Leave every image out, and return the rest of the data word for word.

▶ _SUPPLIED MATERIAL_
● ● ●

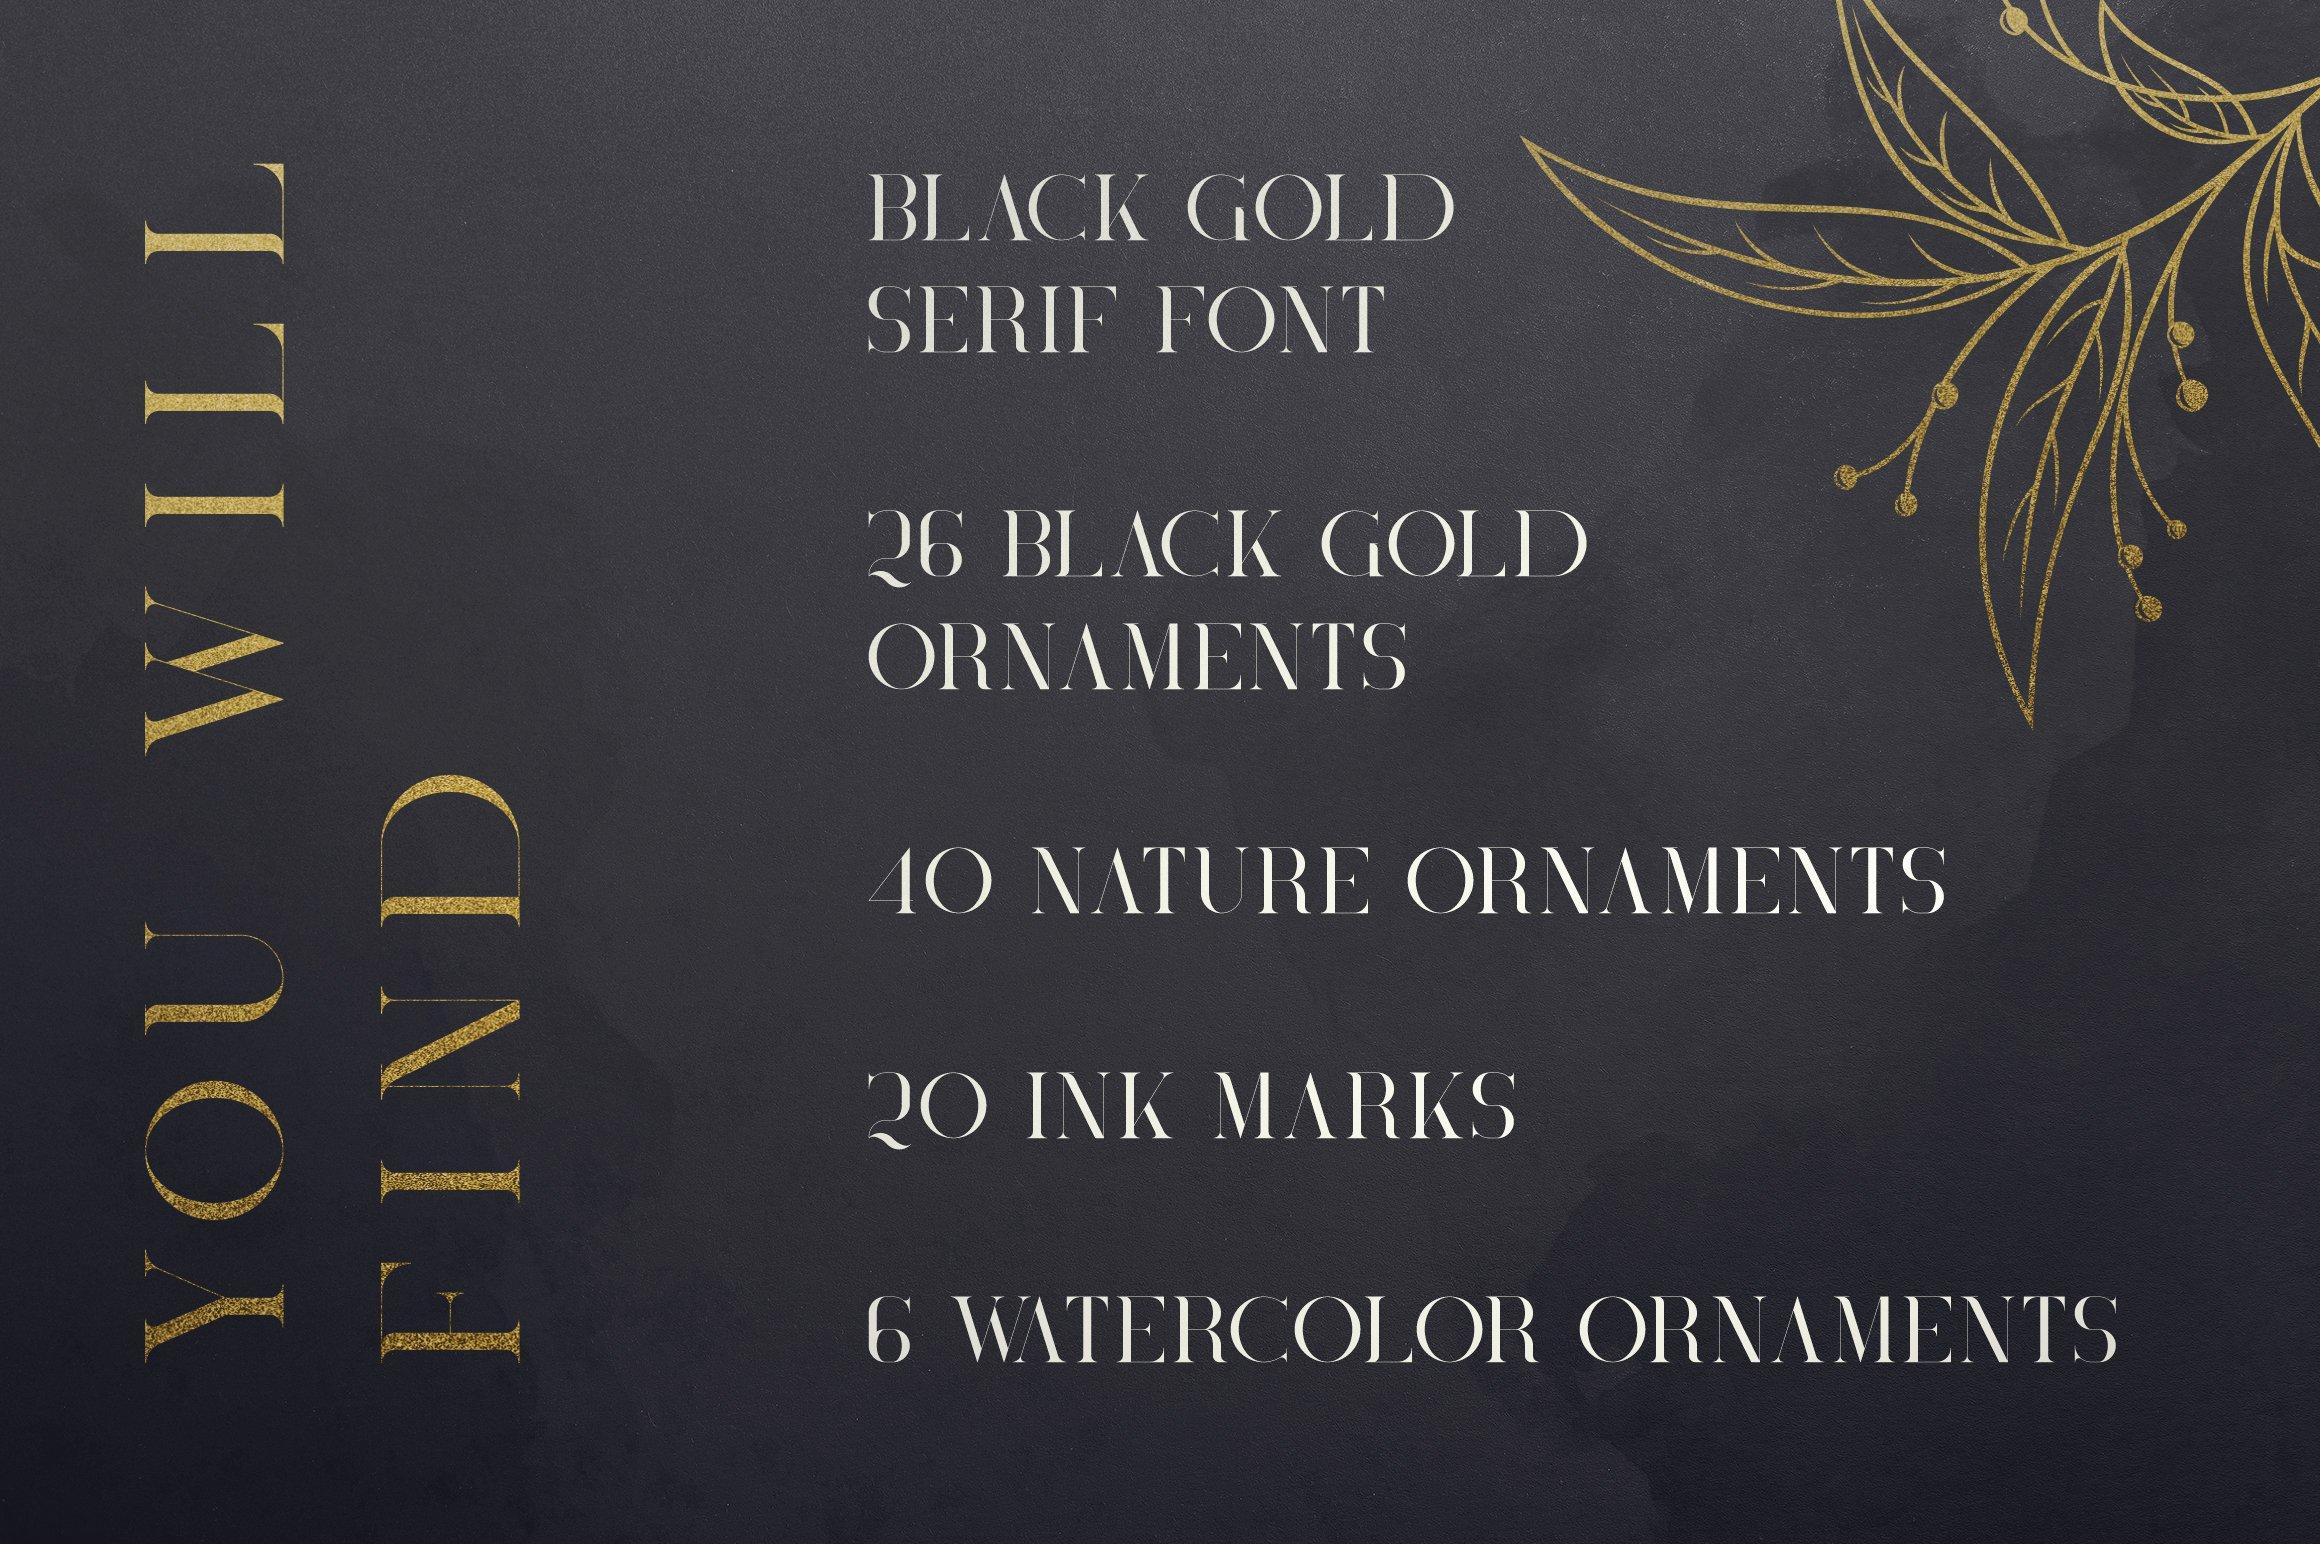 Black Gold Bundle: Serif Font, Elements, Ornaments, Photoshop Styles - $19 - 2
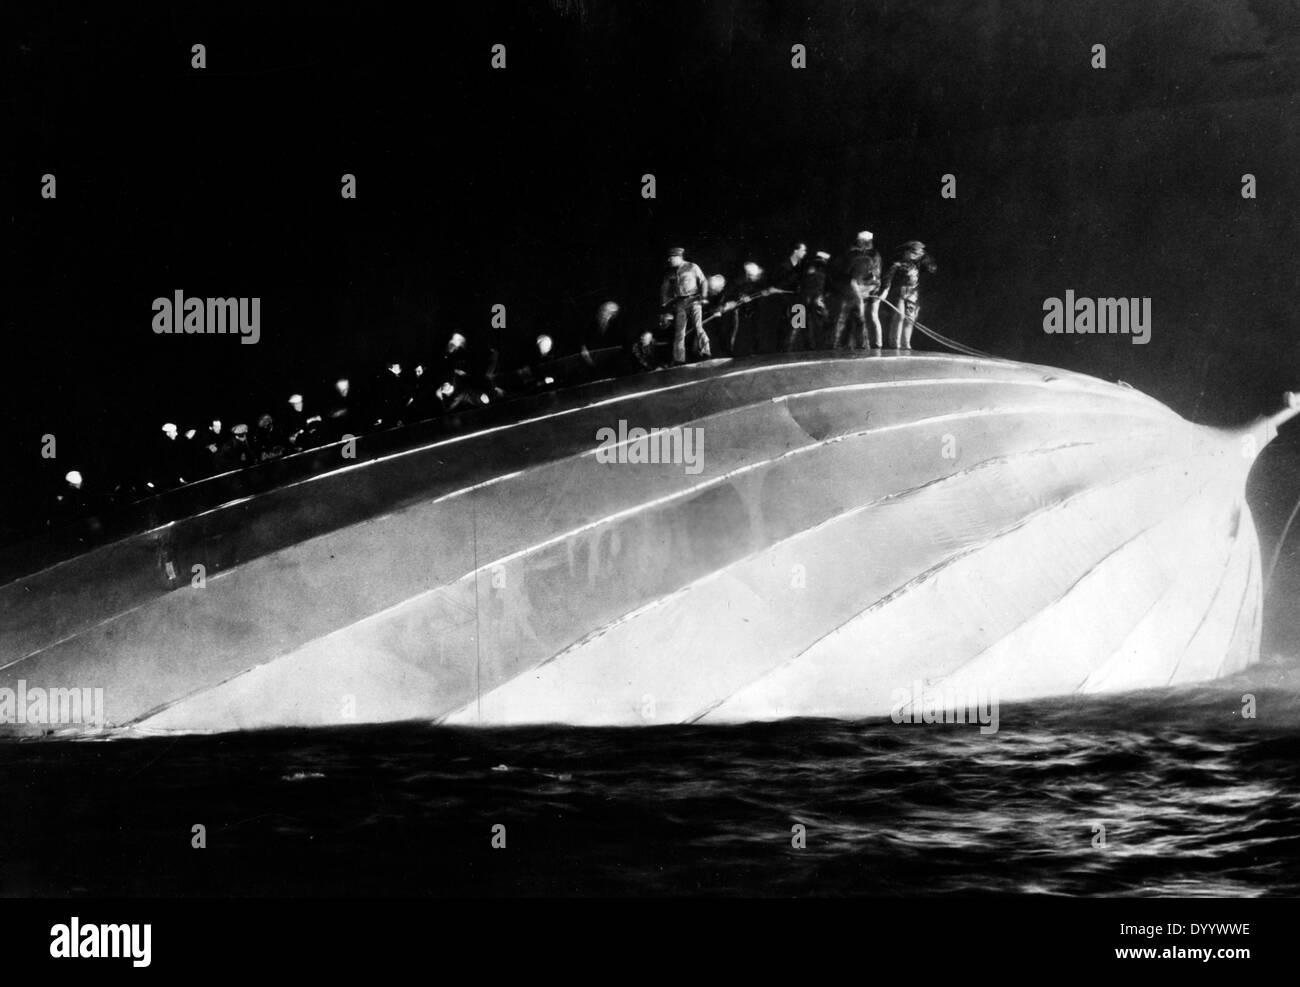 Sinking of airship L 19 - Stock Image
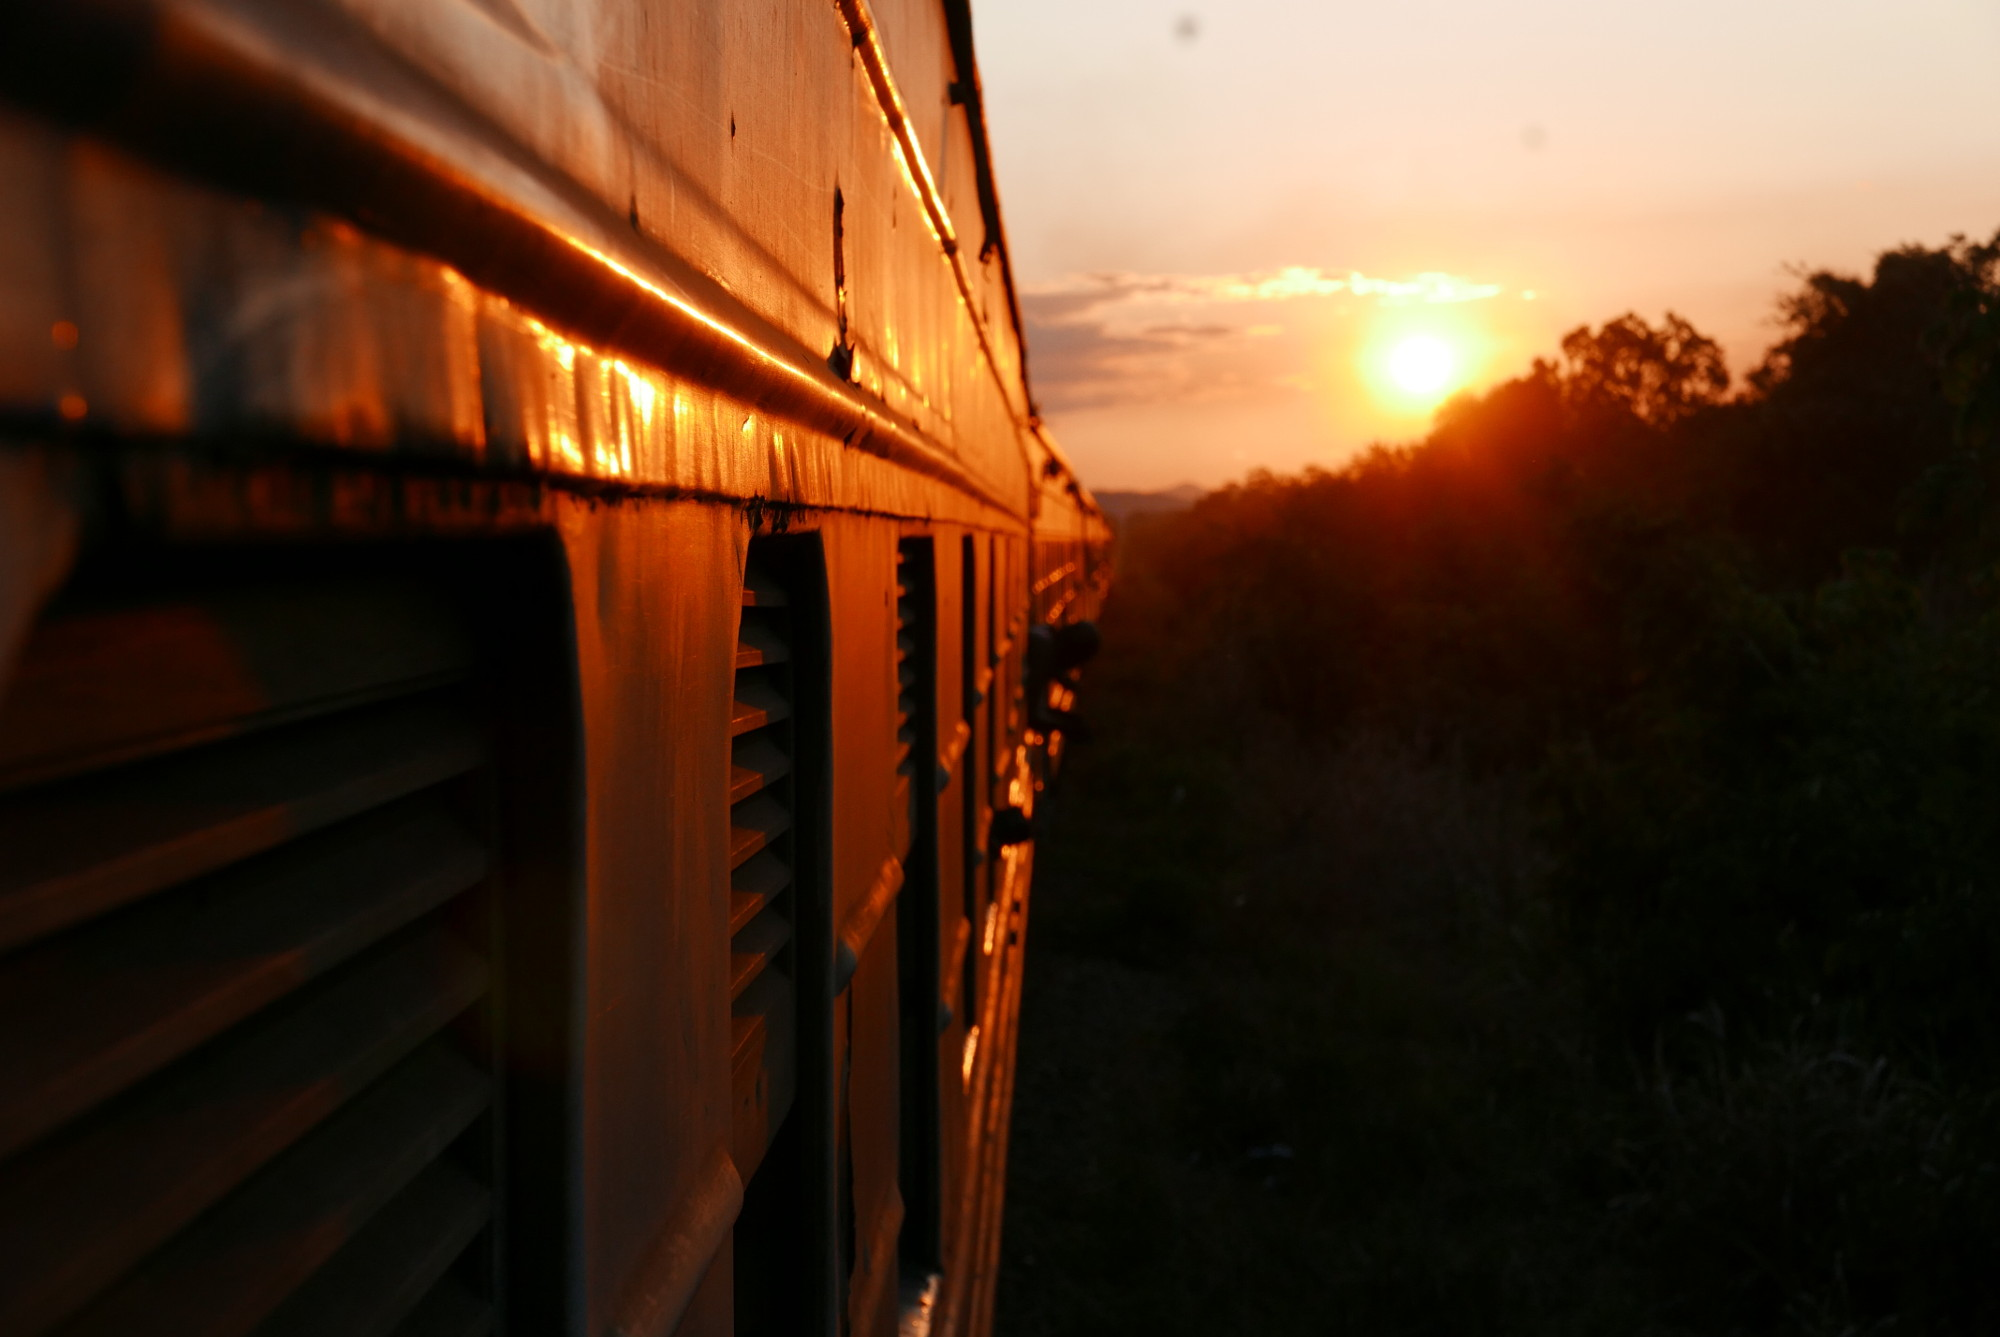 Selous passage, Tazara train

● ● ●

▶ _RESULT FOR THIS TASK_
 Black Gold Bundle: Serif Font, Elements, Ornaments, Photoshop Styles - $19 - 2
 Sinking of airship L 19 - Stock Image
 Selous passage, Tazara train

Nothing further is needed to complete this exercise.